Chi-square test: df=1 (2 alleles). Preferred: use PopGen_hwe_test tool. Fallback: popgen_calculator.py --type hwe --AA N1 --Aa N2 --aa N3.
Causes of HWE departure: non-random mating, selection, migration, drift, genotyping error. Excess homozygotes -> inbreeding or population structure (Wahlund effect). Excess heterozygotes -> overdominant selection or negative assortative mating.
Heritability
- H^2 (broad-sense) = V_G / V_P; h^2 (narrow-sense) = V_A / V_P
- V_G includes ALL genetic variance: additive + dominance + epistasis.
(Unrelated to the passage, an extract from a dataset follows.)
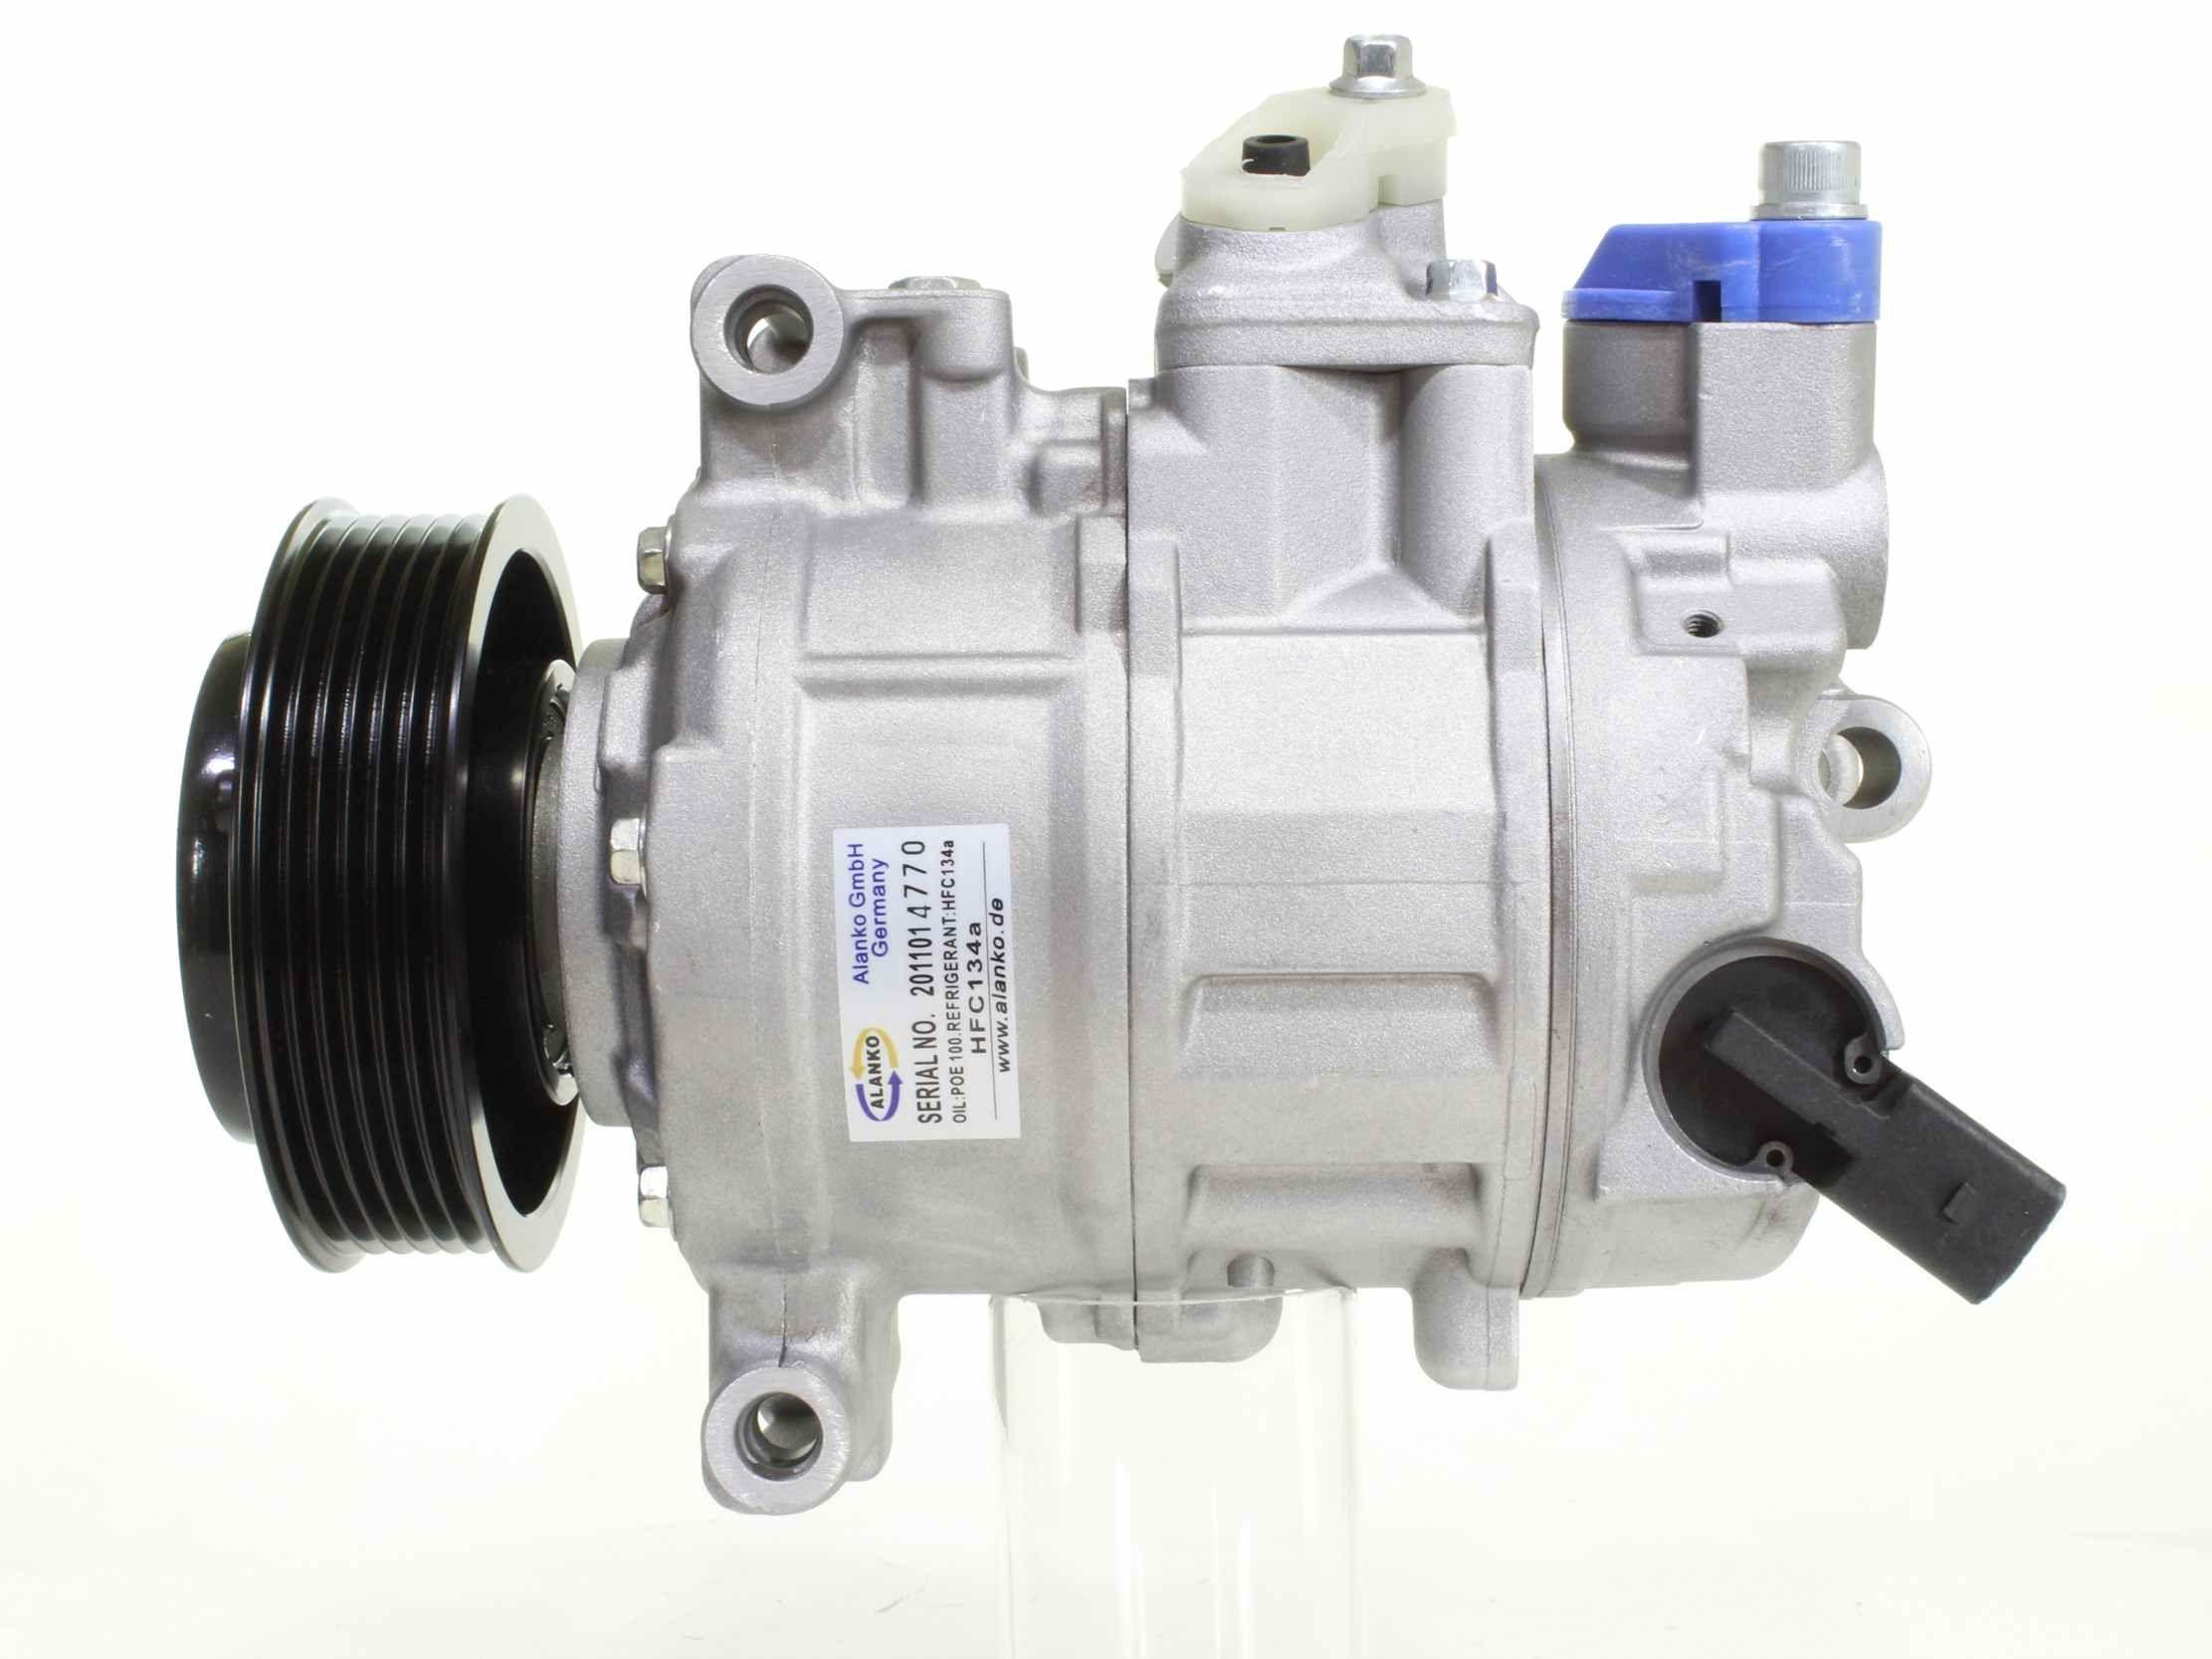 6SEU14C ALANKO PAG 46, Kältemittel: R 134a Riemenscheiben-Ø: 100mm Klimakompressor 10550608 günstig kaufen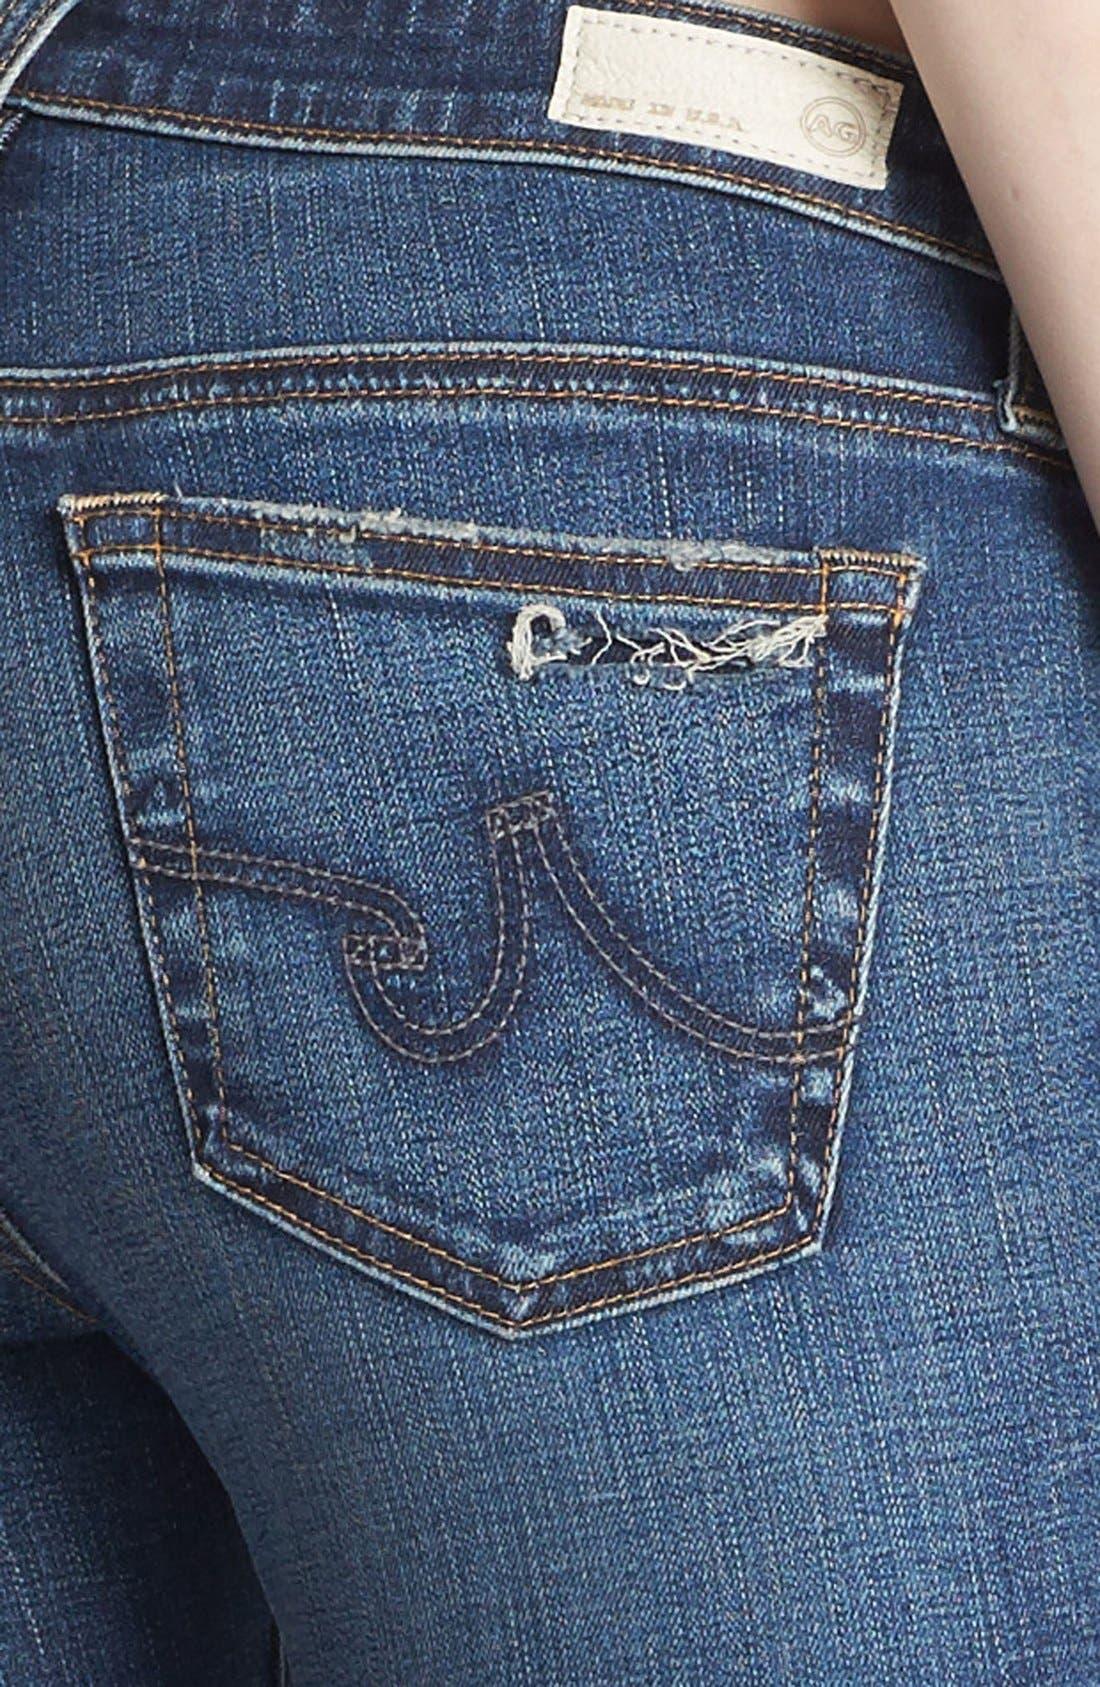 Alternate Image 5  - AG 'The Legging' Ankle Jeans (7 Year Break with Raw Hem)

Trap: "broad-sense" is not just additive.
- Under HWE with two alleles (p, q): genotype frequencies are p^2, 2pq, q^2
- Phenotype frequency from genotype: sum(genotype_freq * penetrance) for each genotype class
- For quantitative traits: V_P = V_G + V_E (no covariance assumed)
- With dominance: assign genotypic values (e.g., AA=a, Aa=d, aa=-a), compute mean, then V_G from freq-weighted squared deviations
- PGS vs SNP-h² trap: PGS R² is NOT necessarily ≤ h²_SNP. With large GWAS, PGS can exceed SNP-h² by tagging rare causal variants through LD with common SNPs. The word "necessarily" makes this claim False. h²_SNP is estimated from common variants; PGS can capture additional variance.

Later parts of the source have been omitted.